The analyst concluded, “Moving forward, with demand tepid, Apple’s gross margin, in my view, is going to suffer from a) some of that leverage turning negative, b) mix to worsen (more SE and increased iPad), c) less benefit from warranty accruals and d) its FX hedges roll‐over (hedging contract gains). Component costs should remain weak, but given recent statements by SK Hynix on pricing, these could be bottoming soon.”
According to TipRanks.com, which measures analysts’ and bloggers’ success rate based on how their calls perform, analyst Adnaan Ahmad has a yearly average return of 0.7% and a 58.% success rate. Ahmad has a -13% average return when recommending AAPL, and is ranked #1983 out of 3913 analysts.
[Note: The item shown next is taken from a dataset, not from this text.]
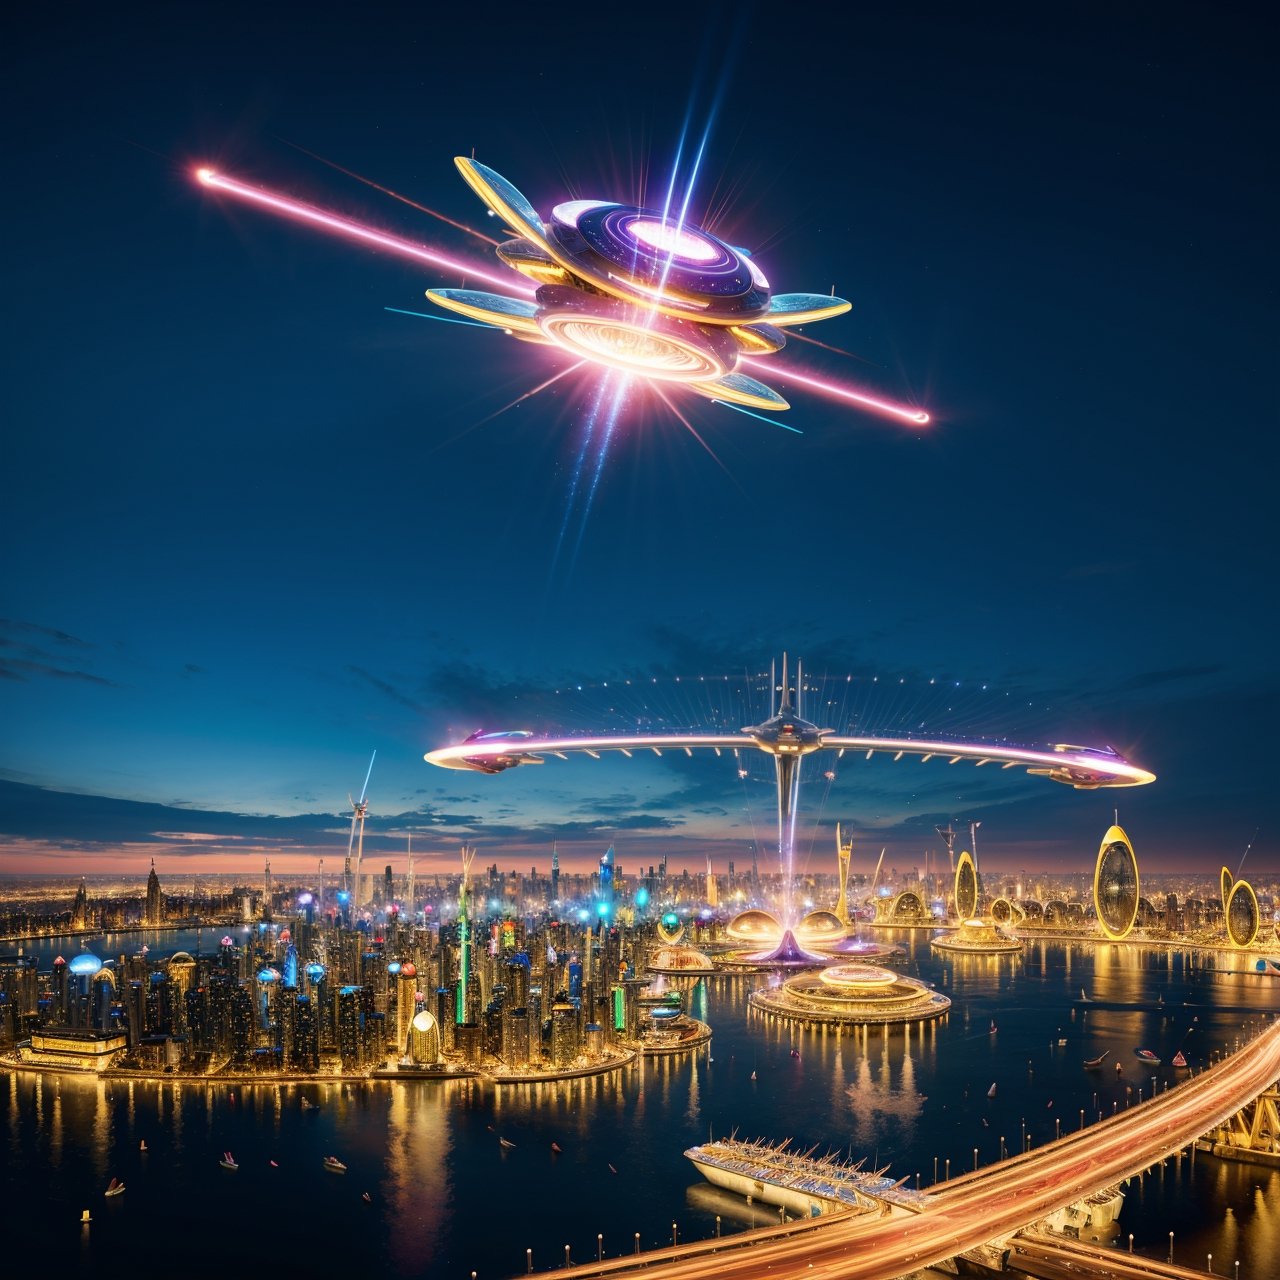 Create futuristic hyperealist works of art, Imagine a floating city in the sky, with complex architectural structures and advanced technology. Paint this futuristic city with a wealth of detail, capturing the bright lights, suspended platforms and flying vehicles that crisscross the skies.

Out of the 50 analysts polled by TipRanks, 39 are bullish on Apple stock, 9 are neutral and 2 are bearish. With a return potential of 44%, the stock’s consensus target price stands at $130.86.
Cowen analyst John Blackledge reiterated an Outperform rating on shares of Amazon, with a price target of $830, after Amazon competitor Macy’s reported fiscal first-quarter revenue that missed expectations and cut its profit outlook for this year.
Blackledge noted, “We continue to believe AMZN’s Apparel & Accessories business is one of the key drivers of AMZN’s “EGM” segment, which comprises ~80% of total US eCommerce revenue. We estimate the US Apparel business will grow from $16 billion Gross Merchandise Value (GMV) in 2015 to $52B GMV in 2020. This implies a gain in U.S. Apparel & Accessories market share from 5% to 14%, and that AMZN will displace Macy’s as the #1 US Apparel retailer by 2017.”
Furthermore, “We estimate US Apparel accounts for mid-teens percent of US EGM GMV. AMZN’s success is being driven by accelerating Apparel purchaser growth in ’15 and continued strong growth in 1Q16, per our proprietary monthly survey data. Purchaser growth strength due to i) dramatically larger selection, ii) ramping first-party brand relationships, iii) superior fulfillment and iv) technology / imaging.”
According to TipRanks.com, analyst John Blackledge has a yearly average return of 0.7% and a 49% success rate. Blackledge has a -2.7% average return when recommending AMZN, and is ranked #1761 out of 3913 analysts.